Тишина, растянутая над головами людей, сдавленная вонючей темнотой, лопается громким мертвым криком. Что-то резко ударяется о стену шкафа – и тишина. Великая тишина.
Оцепенение проходит.
– Что это, – спрашивают люди друг друга шепотом. Ждут долго, долго. Выстрелы отдаляются, затихают, исчезают. Все замолкает. Только жажда жжет губы, отвратительное чувство голода сушит рот, груди судорожно вздымаются, воздух, втягиваемый в легкие, имеет вкус помоев. Одежда, рубашки, тела – все влажное и липкое, по кирпичным стенам стекают струйки тепловатой, сконденсированной из паров дыхания воды.
Старый Гринберг, который все время стоял на самой нижней ступеньке лестницы, поднимается выше. Медленно и осторожно приближает лицо к перекрытию и тихо зовет:
– Хана! Хана!
Никто не отвечает.
– Хана! – зовет он громче.
Тишина.
– Забрали ее, – глухо бросает старик в темноту.
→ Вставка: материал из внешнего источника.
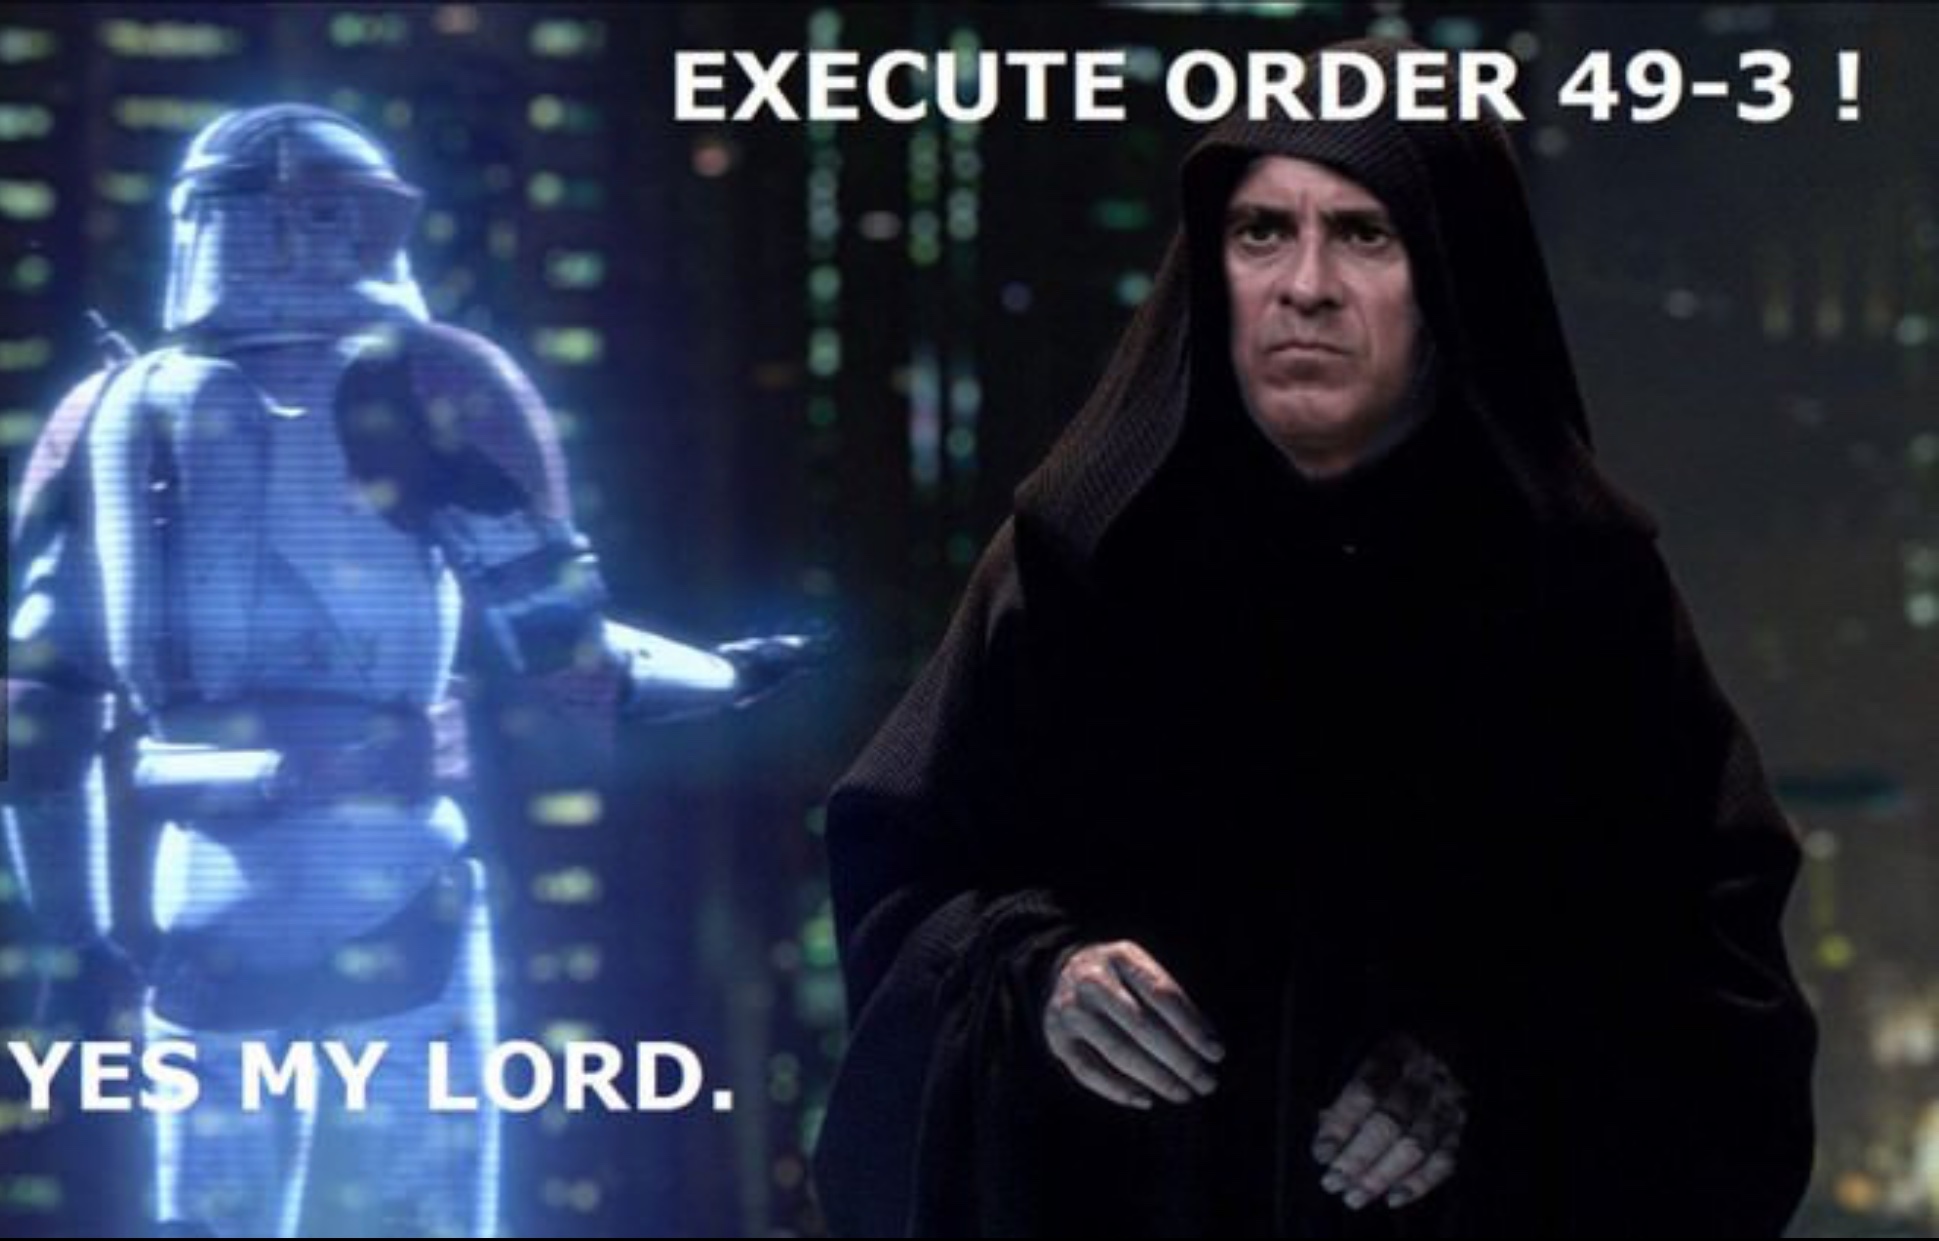 Execute order 66 - meme

По телам пробегает слабая дрожь. Но замирает и останавливается, потому что на крыльце снова звучат шаги, кто-то открывает дверь и сразу выходит. И так раз за разом: постоянно стоит в ушах грохот твердых, железных шагов, стук дверей обрывает их, иногда раздается рокочущее эхо голосов, и опять тишина, иногда издали доносится треск выстрелов.
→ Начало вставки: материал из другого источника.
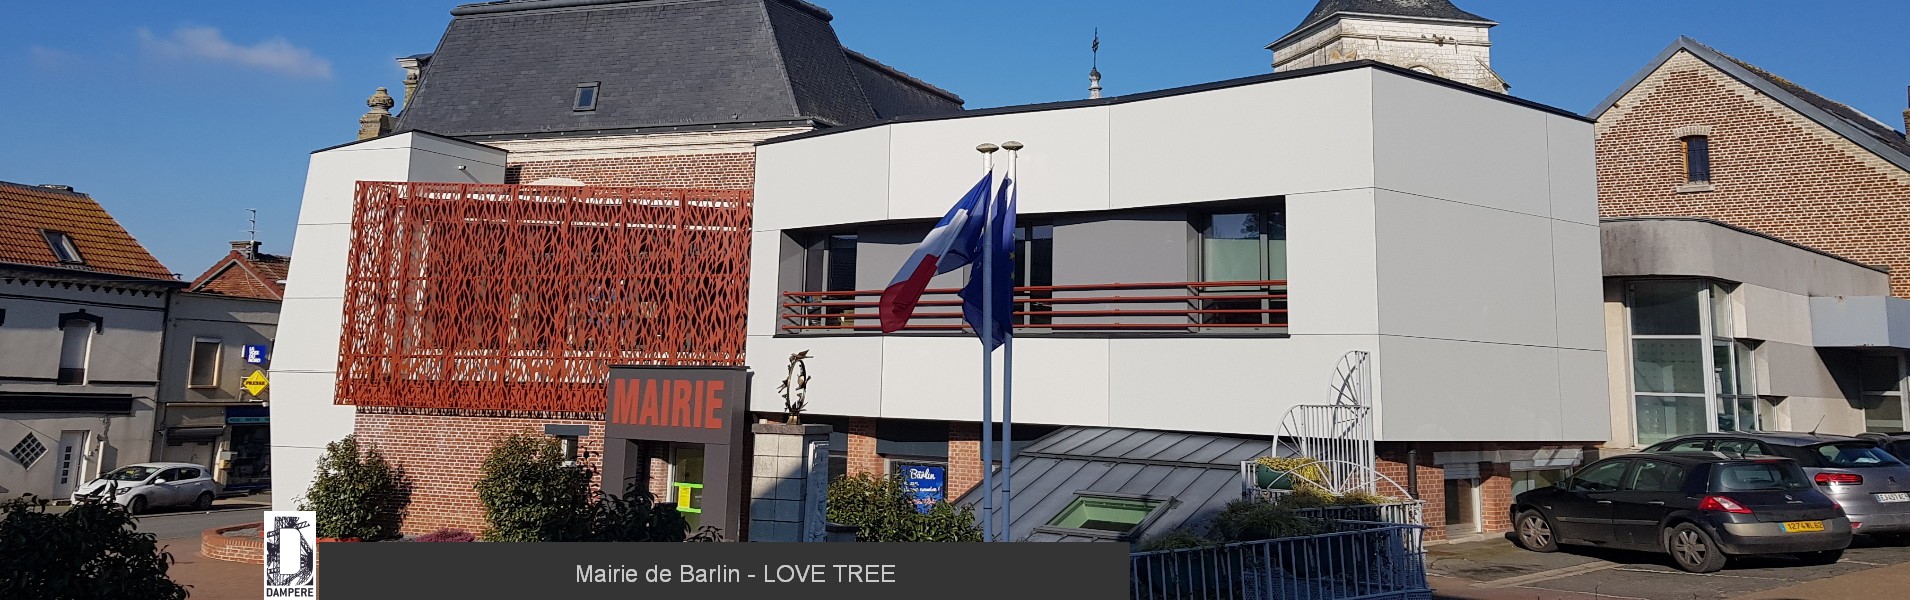 Mairie de Barlin LOVE TREE 3 1

Проходили минуты. А может, часы?.. Кто-то следит за светящимся в темноте циферблатом. Воздухом, уплывающим через небольшие щелки перекрытия, становится невозможно дышать. Многоногий и многоголовый клубок тел начинает двигаться, мучимый спазмами удушающей тошноты. В судорогах корчится, скручивается, сжимается и оседает, расширяется и дрожит, облитый холодным потом страха и яростным, обнаженным, горячим желанием жить.
Наконец кто-то взрывается криком, его подхватывают другие: «Не хочу так – не хочу – мне все равно – пусть меня заберут – я хочу выйти – выйти!»
Ему отвечает враждебная, глухая тишина. Но начинается невидимая возня, в темноте что-то бурлит, переворачивается, слышны тупые удары, борьба, кто-то вскрикнул, захрипел, и лестница начинает трещать – трещать – кирпичи грохочут – пыль и штукатурка сыплется на головы…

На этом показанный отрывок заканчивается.